[Opening Given data section]
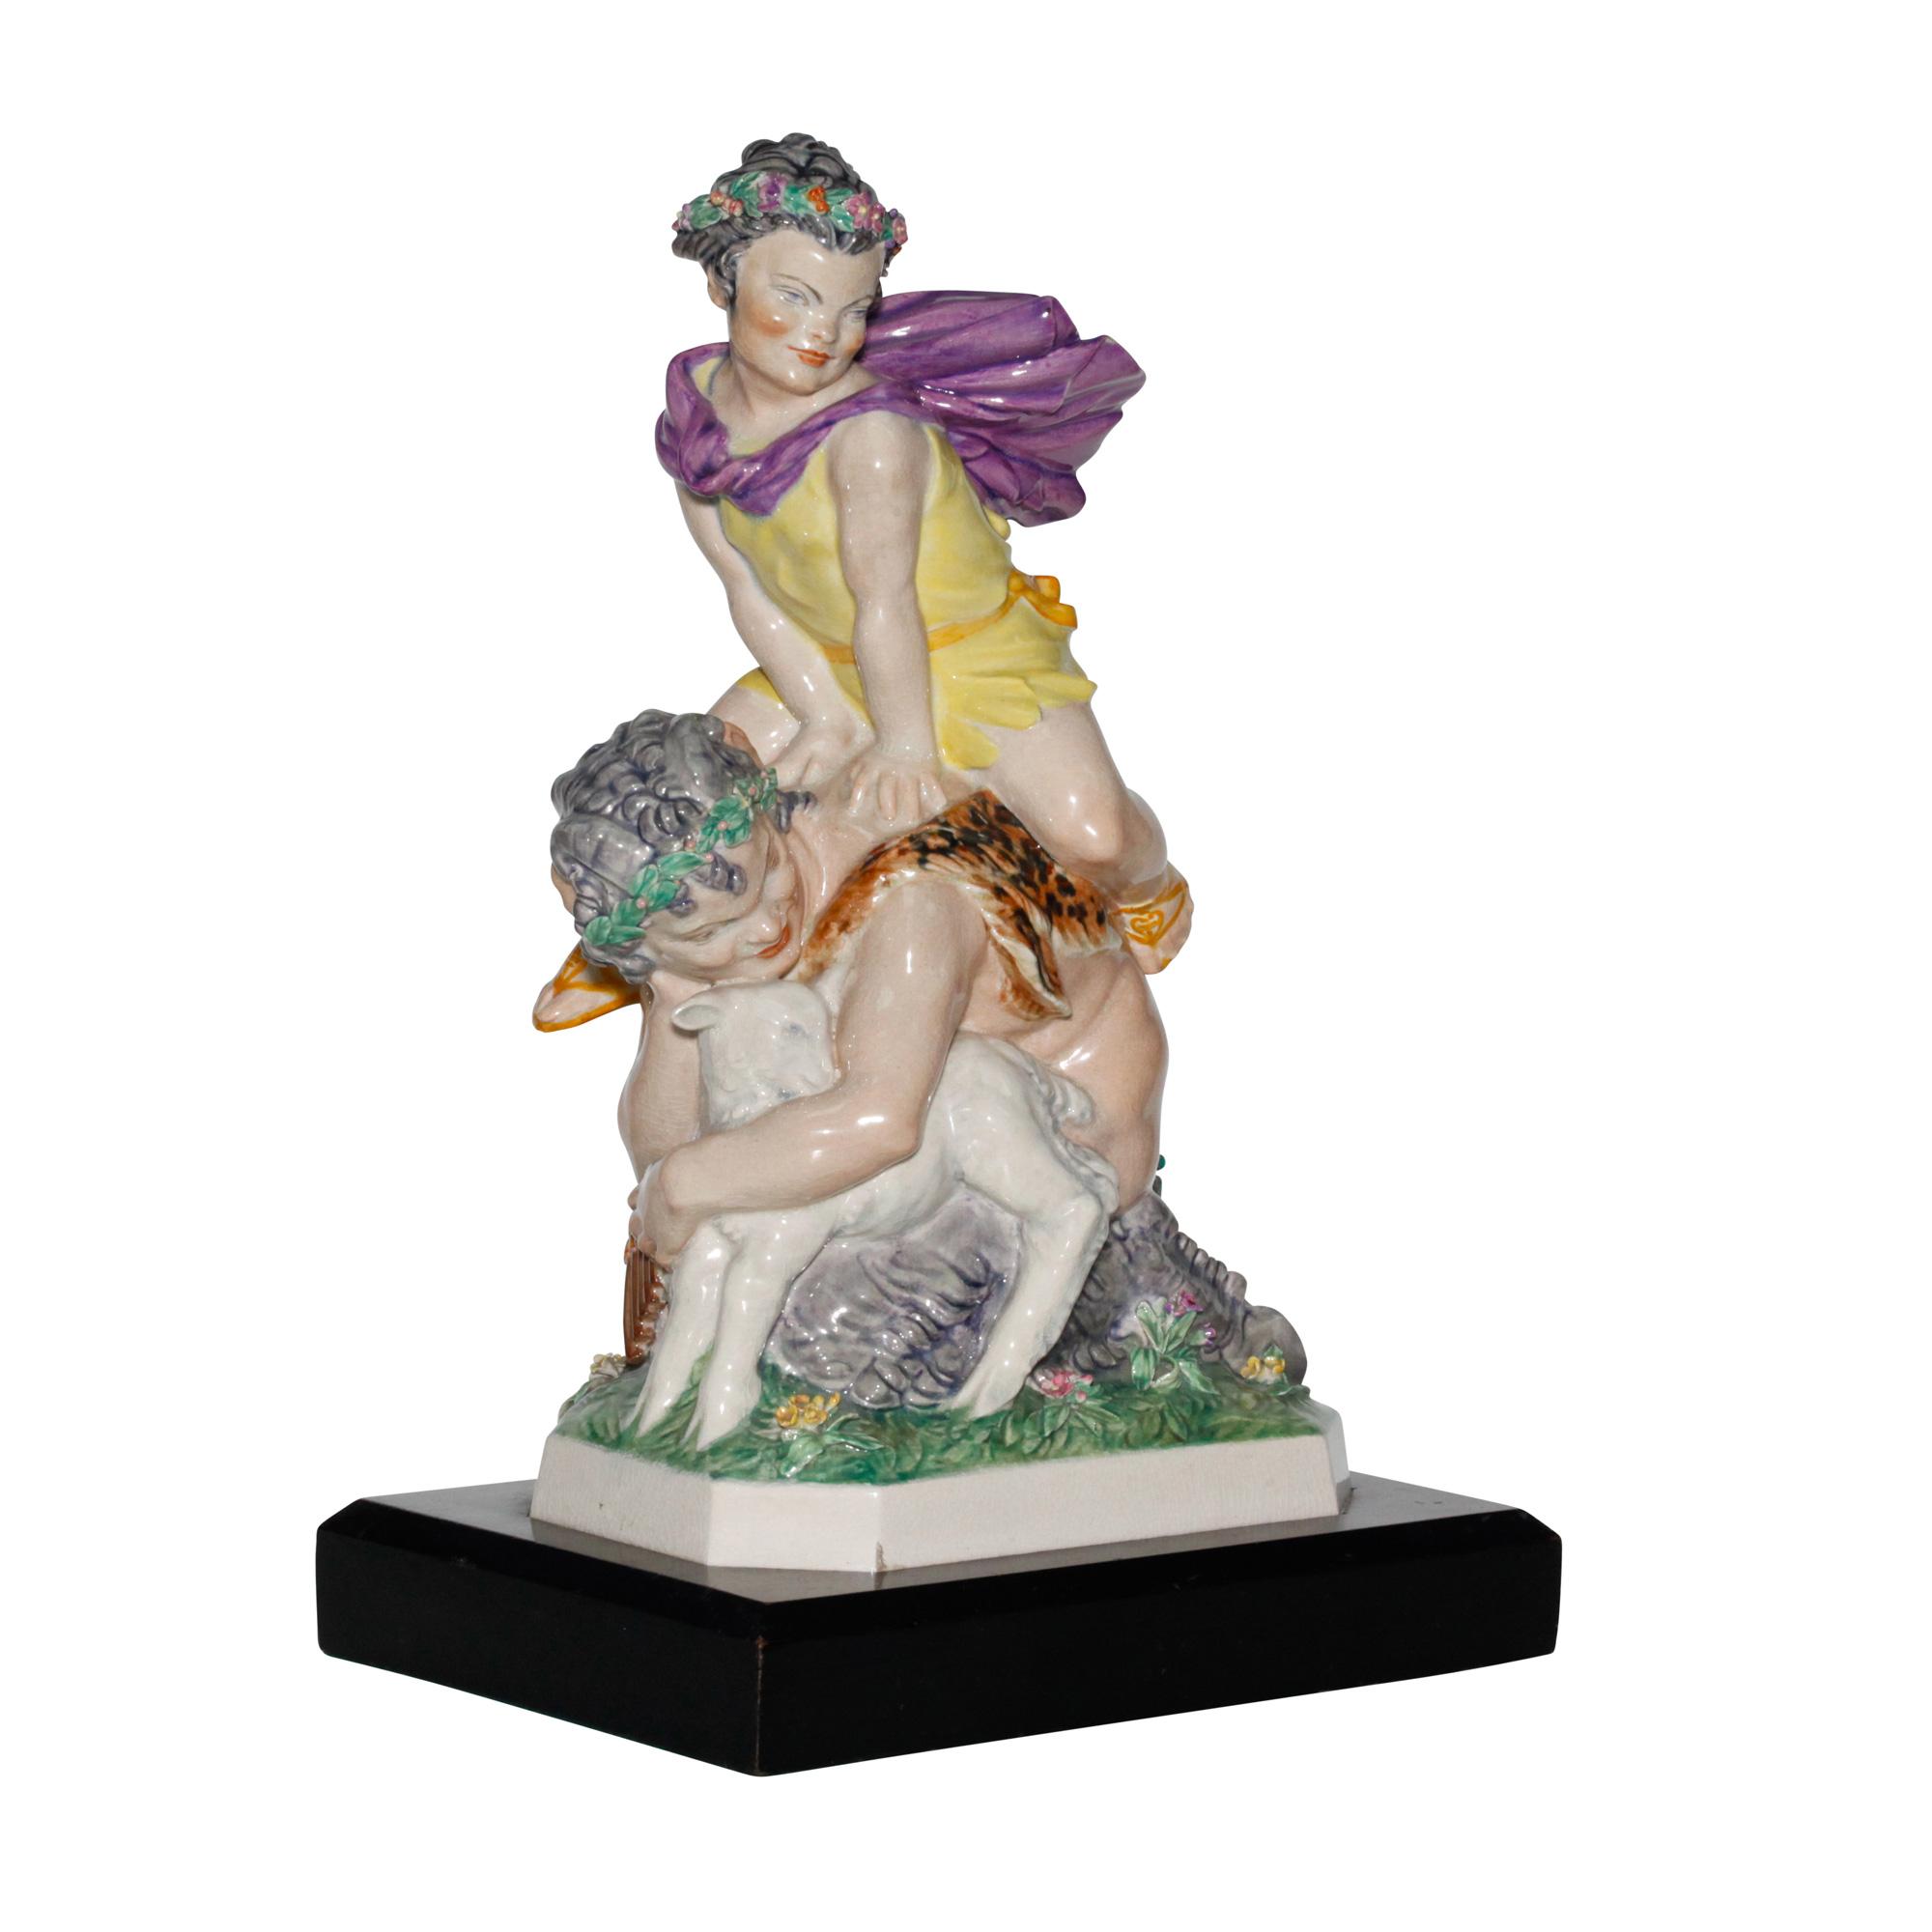 La Folie Bergre Charles Vyse Figurine
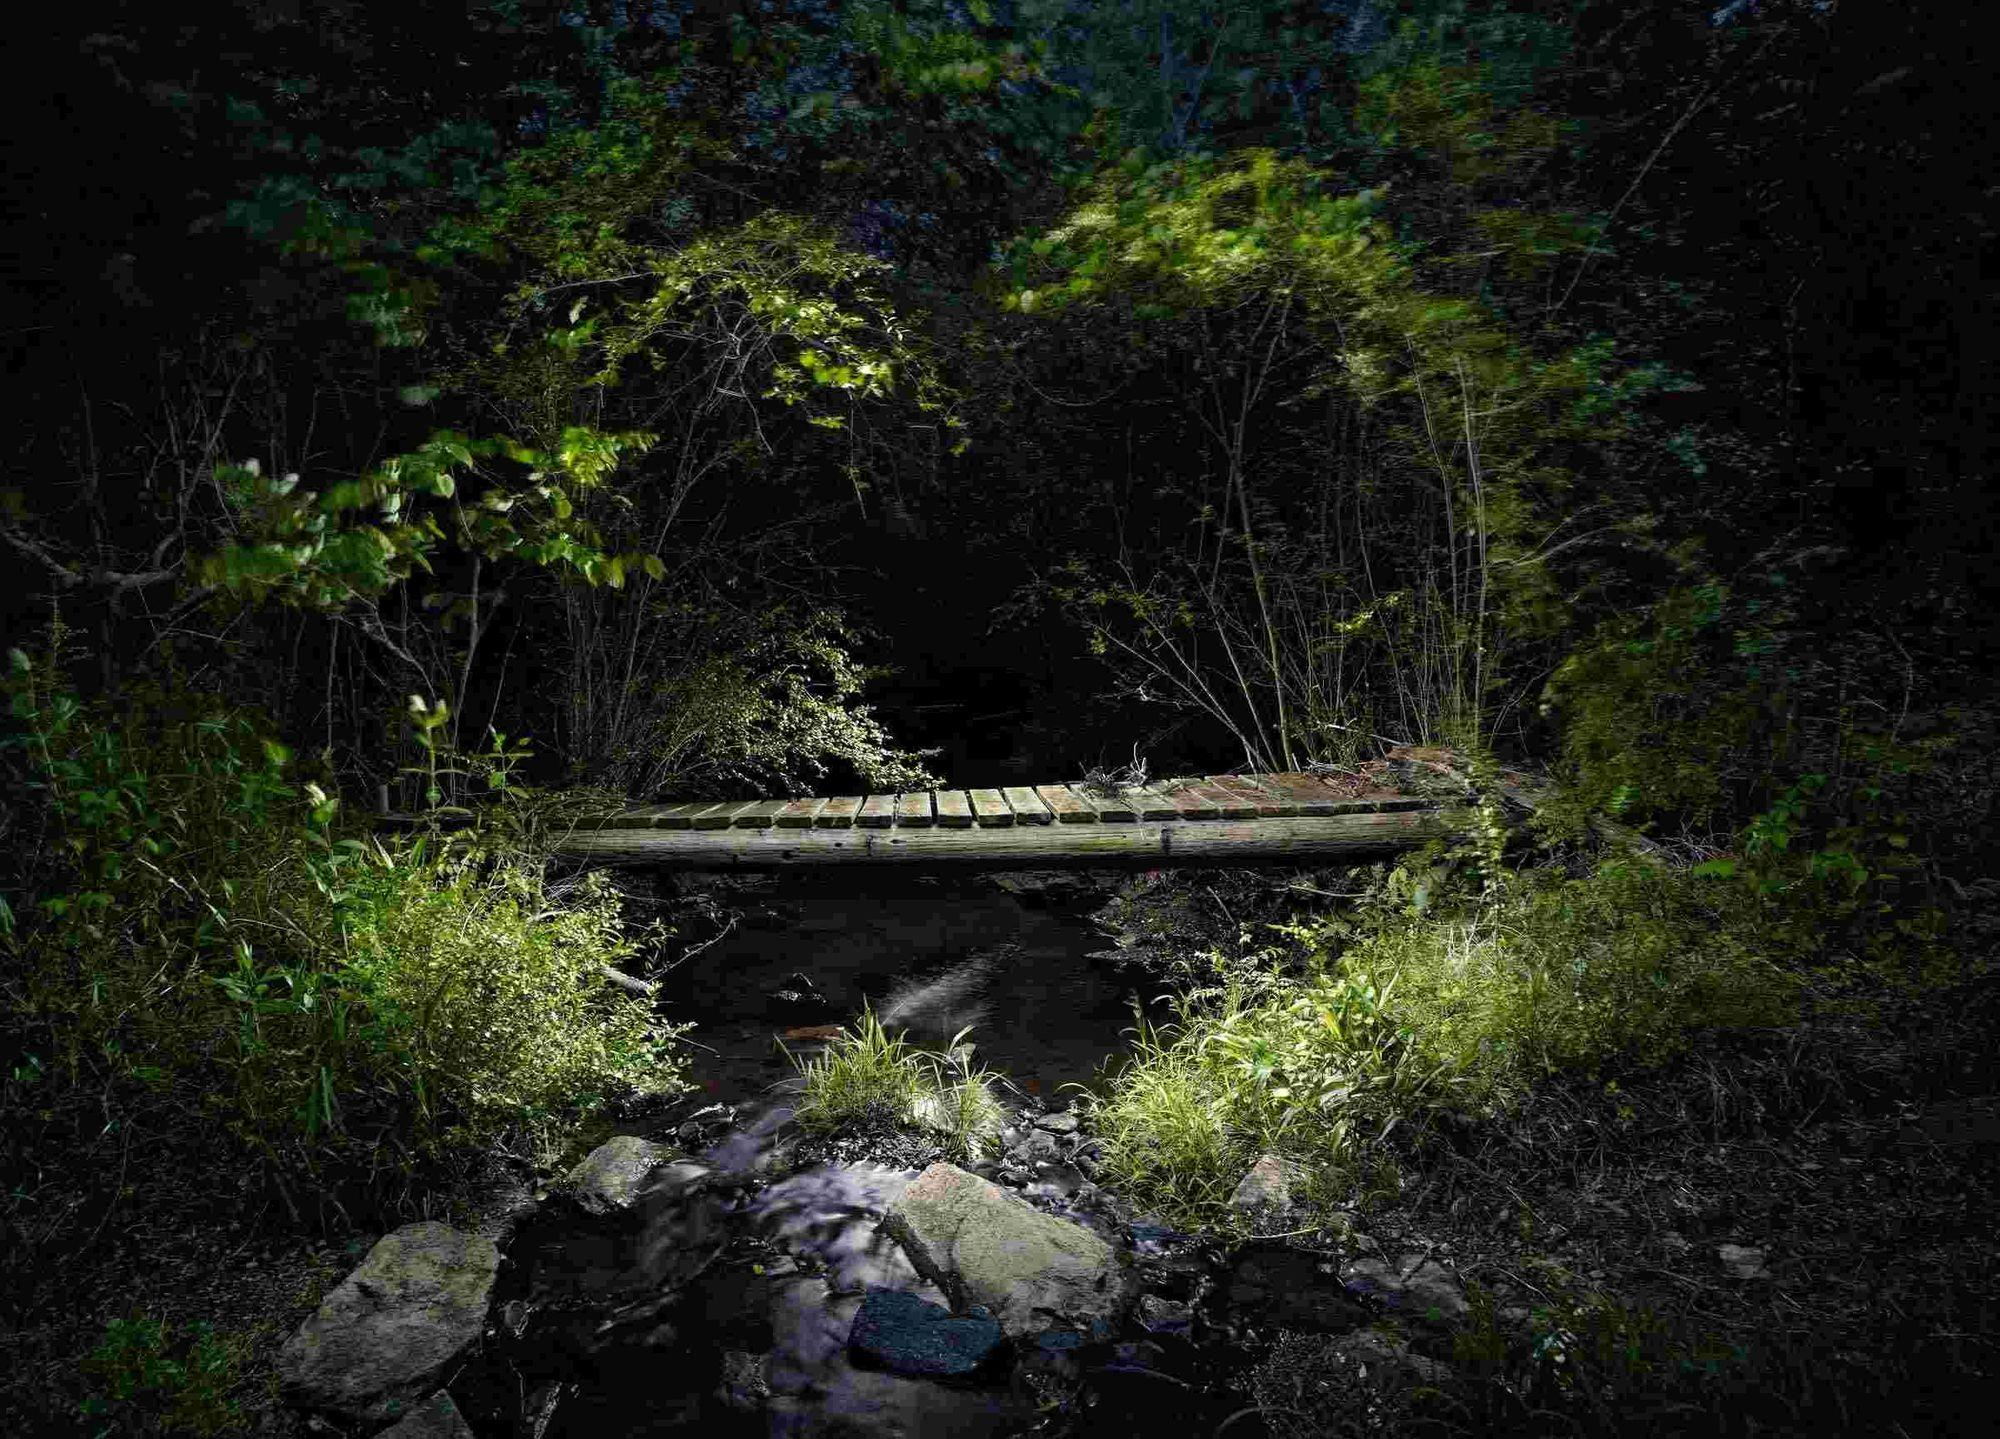 5_photo-2.jpg
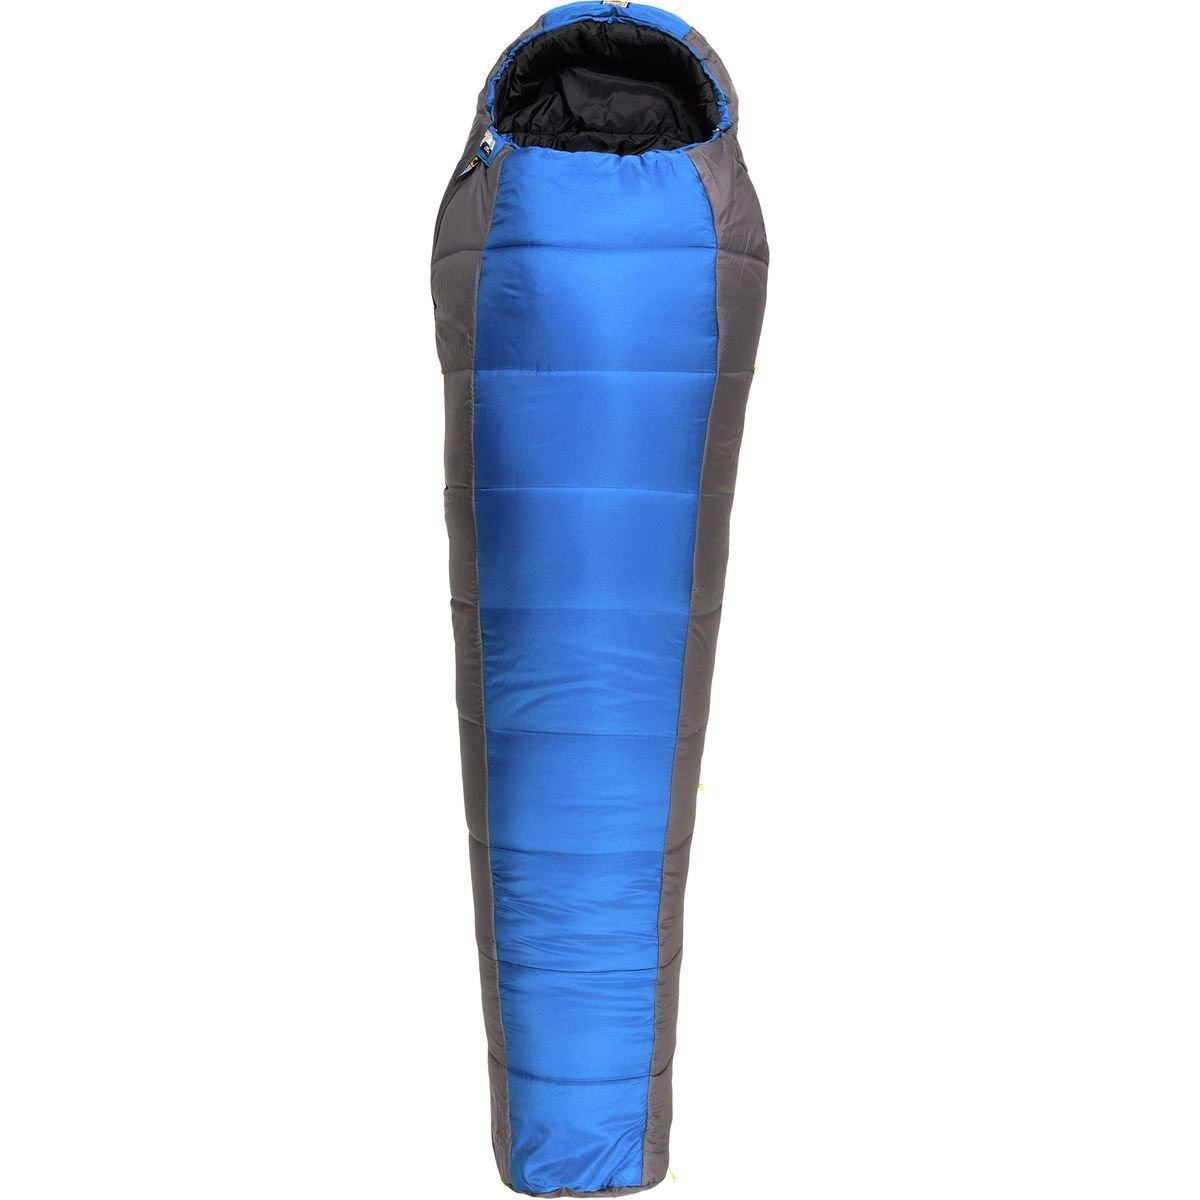 Mountainsmith Crestone Sleeping Bag 0 Degree Synthetic
[Closing Given data section]
#### [Your goal]
In the data above, the line containing "5_photo-2.jpg" and all lines after it are to be reproduced exactly, leaving out the pictures.

#### [Problem solution]
 5_photo-2.jpg
 Mountainsmith Crestone Sleeping Bag 0 Degree Synthetic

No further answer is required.